Pierwszy z nich powiedział, że z własnych źródeł wie, że Alonso został porażony z mocą 600 watów. Drugi natomiast szeroko wypowiedział się na temat oświadczenia McLarena i dodał, że jego zdaniem jest to tylko wymówka. Sam wstrząs elektryczny miałby być według teorii spowodowany fatalnym działaniem silnika Hondy. Większość czytelników na pewno wie, że japońska jednostka napędowa nie grzeszyła ani osiągami, ani niezawodnością, a sam bolid McLarena według kibicowskiej nomenklatury można byłoby określić mianem znanej z memów „taczki”.
Kluczowym dla rozwiązania sytuacji byłoby udostępnienie jakiegokolwiek onboardu lub telemetrii ukazującej, co właściwie stało się z samochodem. Jak wiadomo testy nigdy nie są tak medialne jak weekendy wyścigowe. Zwykle dostęp do nagrań i innych materiałów jest dosyć ograniczony. Wiadomo, że wypadek został zarejestrowany przez kamery zamontowane na torze oraz, że kamera była obecna również na samochodzie Ferrari Sebastiana Vettela. Warto wspomnieć też o doniesieniach jakoby zespoły miały po tym wypadku chęć zbojkotować Grand Prix Australii z powodu obaw o bezpieczeństwo rozwiązań stosowanych w jeszcze stosunkowo nowych jak na tamten czas bolidach ery hybrydowej.

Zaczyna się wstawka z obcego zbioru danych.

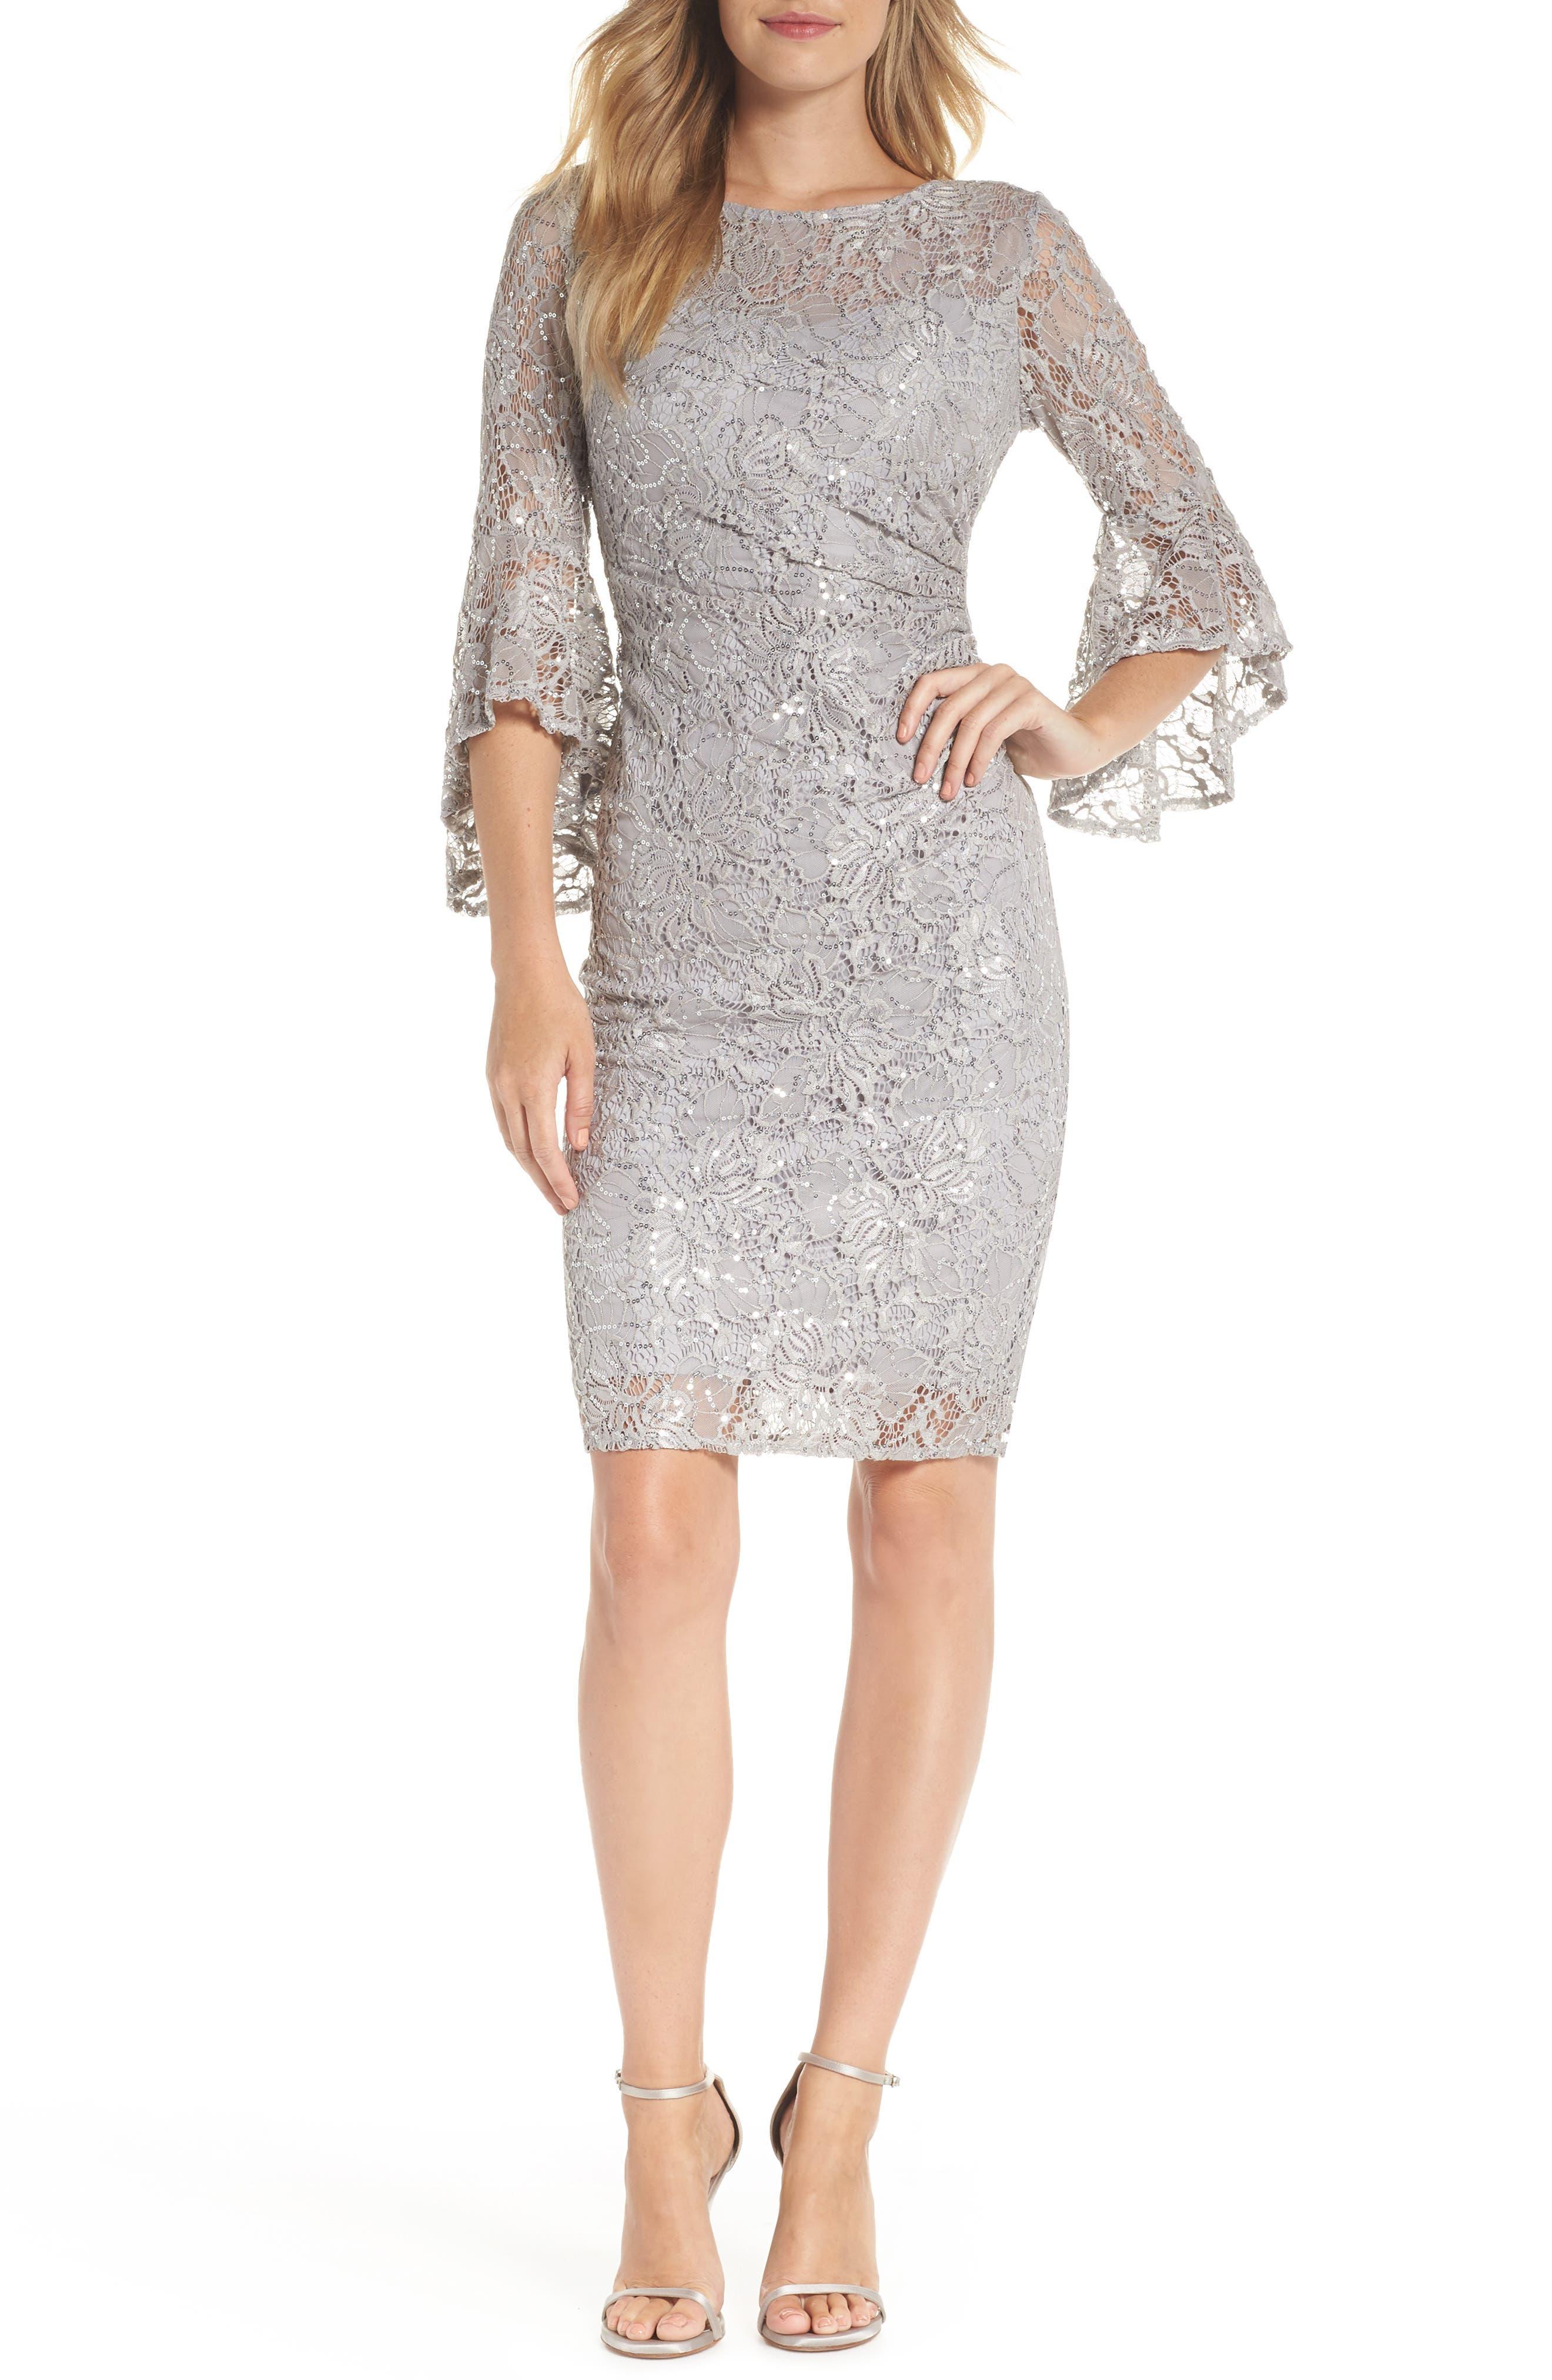 MORGAN & CO. Lace Sheath Dress, Main, color, 040

Do tego scenariusza na szczęście nie doszło i wszystkie plotki szybko dementowano.
Czy kiedykolwiek dowiemy się co spowodowało wypadek?
Musiałyby stać się dwie potencjalne rzeczy, pierwszą z nich jest dokończenie autobiografii przez Fernando Alonso i wyjaśnienie kwestii. Drugą jest po prostu powrót do tej sprawy wraz z ujawnieniem materiałów, na których widać zdarzenie. Największe szanse są oczywiście na tą pierwszą opcję. Może się to przecież wydarzyć i nie byłaby to pierwsza biografia kierowcy w historii F1. W drugiej opcji nikt nie ma zbytnio interesu. W końcu po co ktoś miałby powracać do sprawy sprzed lat, która na dłuższą metę nie miała wpływu na przyszłość sportu oraz, w której sam kierowca zbytnio nie ucierpiał.
Pozostaje nam więc tylko ocenić sprawę samodzielnie. Na pewno nietypowy jest stosunek prędkości do długości czasu, w którym Alonso dochodził do siebie. Na pewno na wyobraźnię działają doniesienia gazet i osób powiązanych z padokiem. Wątpliwości wzbudza również jakość rozwiązań oferowanych przez Hondę w silniku, jak to sam Hiszpan powiedział – rodem z GP2. Trochę podejrzanie brzmi tak banalne tłumaczenie McLarena i nieścisłości w podawanych informacjach. Trzeba jednak pamiętać, że same doniesienia o porażeniu nie były nigdzie potwierdzone i wciąż są tylko ciekawą, minimalnie prawdopodobną teorią.